Is it me? Am I the only person on the planet that feels that parting with a special car is like selling one of your children to medical research? “Johnny… this is Dr. Mindbender, you’ll be living with him from now on at his laboratory. Let us know how you’re doing if you get a chance in-between experiments.” I know it sounds a bit dramatic, but this is how I’ve felt everytime I’ve sold a car.
The first time I encountered this strange “separation anxiety” was when I sold my TR3. This was my first classic car and the first car I ever restored. I spent countless hours restoring this car not just because it was a miserable basket case (first in a long line) but also because I was learning “the restoration craft” as I went along. A lot of my blood went into and onto that car!
Of course, I really didn’t want to sell it, but a growing list of reasons were beginning to force my hand. First and foremost was the fact that – being anal retentive – I wanted the car to be perfect, and since it was my first restoration project, it wasn’t. Also, I wanted to start racing, and there wasn’t budget or room for two hobby cars. Add to this psychological stew a robust classic car market and some unrelenting student loans, and it looked like the first born was going to have to hit the streets.

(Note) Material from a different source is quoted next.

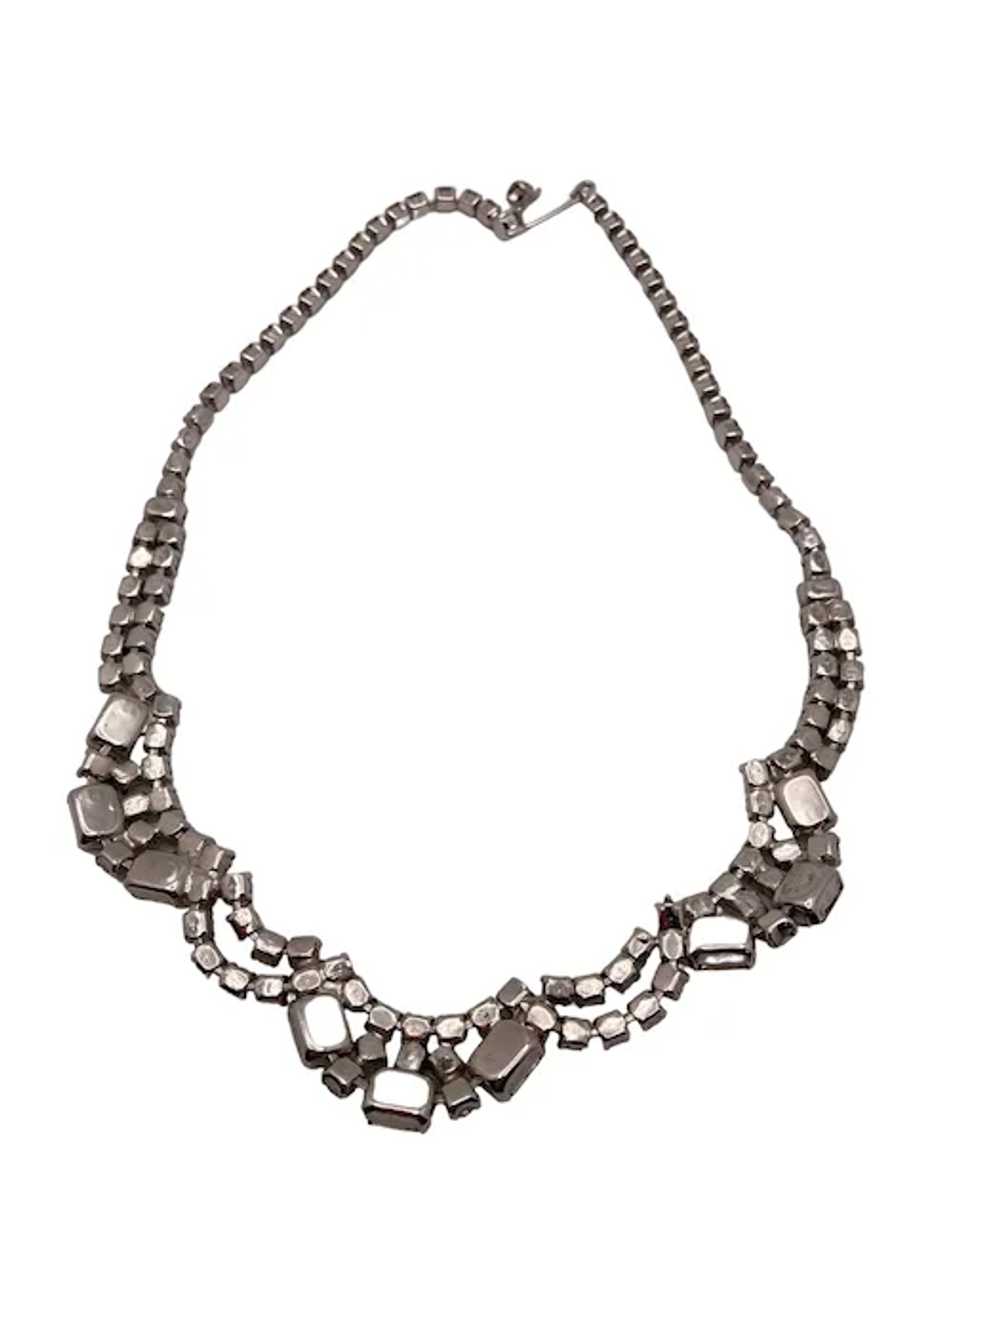 Vintage Mid-Century Rhinestone Choker Necklace - image 7

At first I convinced myself that at the price I was asking, it wouldn’t sell. Incidentally, in case you haven’t tried this little mind game before, it’s a marvelous way of naively satisfying both the side of your brain that wants to sell and the other side that doesn’t. The problem for me is that has never worked! Within a week, I had two buyers willing to pay my price. Doh!

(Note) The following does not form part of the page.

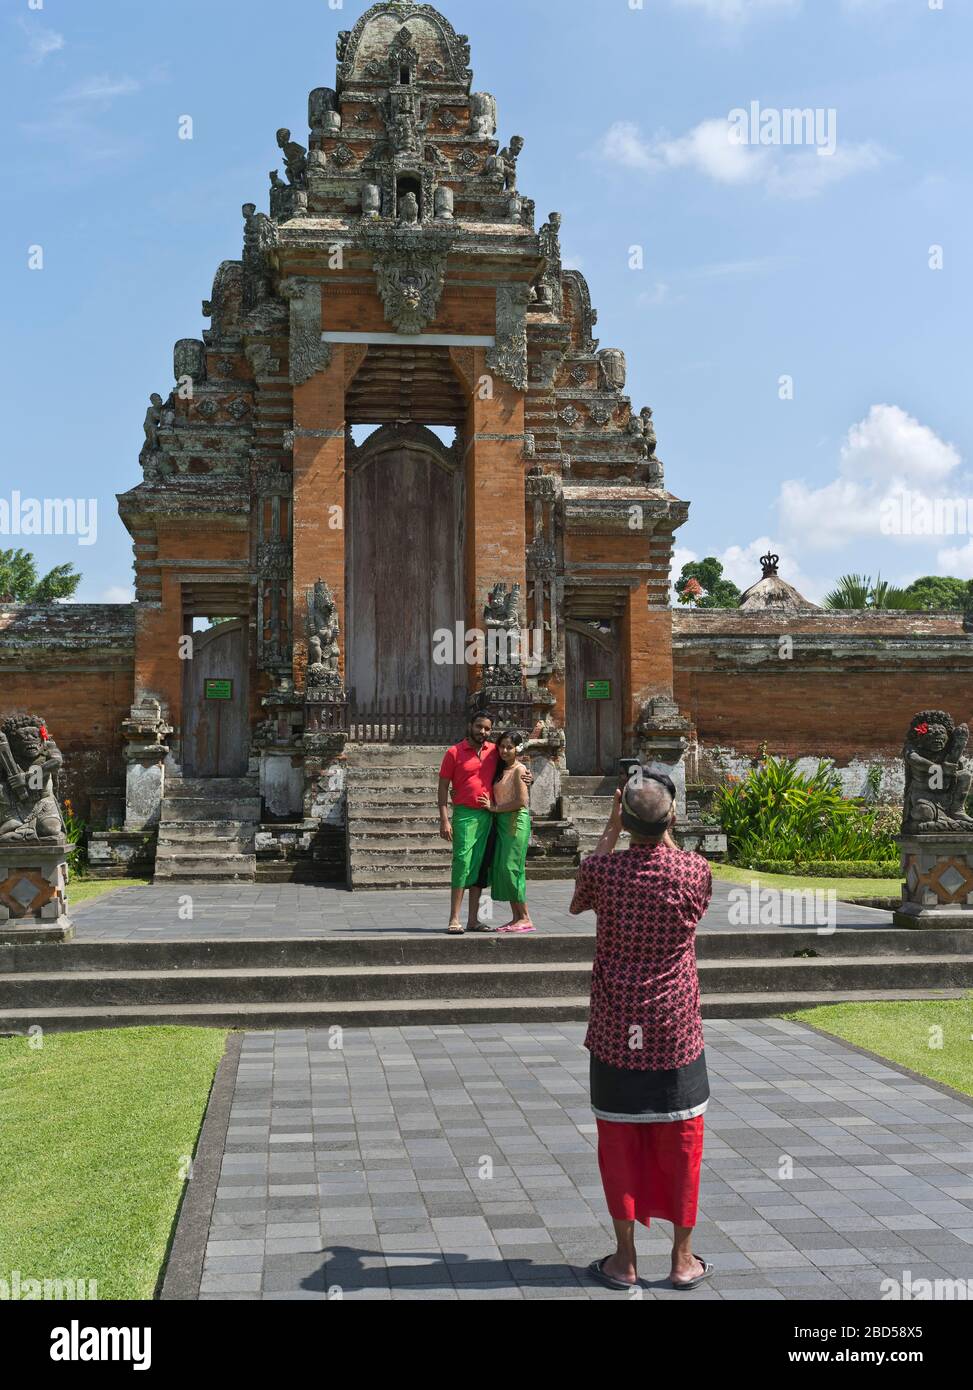 dh Pura Taman Ayun Royal Temple BALI INDONESIA Tourists being photo Balinese Hindu Mengwi temples Paduraksa hinduism gate architecture tourist Stock Photo

As I bought, restored, raced and subsequently sold more cars over the years, the guilt and angst seemed to get a little easier. I suppose it’s not unlike a homicide detective gradually becoming desensitized to grisly crime scenes. Move along sir, nothing to see here.
However, parting with my last racecar seems to have thrown me into a full-blown guilt relapse. As background, about five years ago, I stumbled across the ultimate “barn find.” Only this barn was a U-Store-It storage space in Southern California with a period original Lotus 51 and an owner who just wanted to be rid of it at any cost. Having now gained some technique and experience in the “black arts” of restoration, I unleashed my full Q-Tip swabbing, bolt-head polishing, anal-retentive fury on the long-neglected Lotus. One year, eight knuckles, fourteen marriage counseling sessions and umpteen thousand dollars later, I had the near-perfect car I always wanted and a First Place trophy from the Newport Beach Concours d’Elegance to prove it (see photo at top). For the next several years I raced the car and the love affair deepened. I told myself I would never sell this car. When Lucifer called me and said, “It’s freezing down here, can you turn up the heat?” I knew I was in trouble.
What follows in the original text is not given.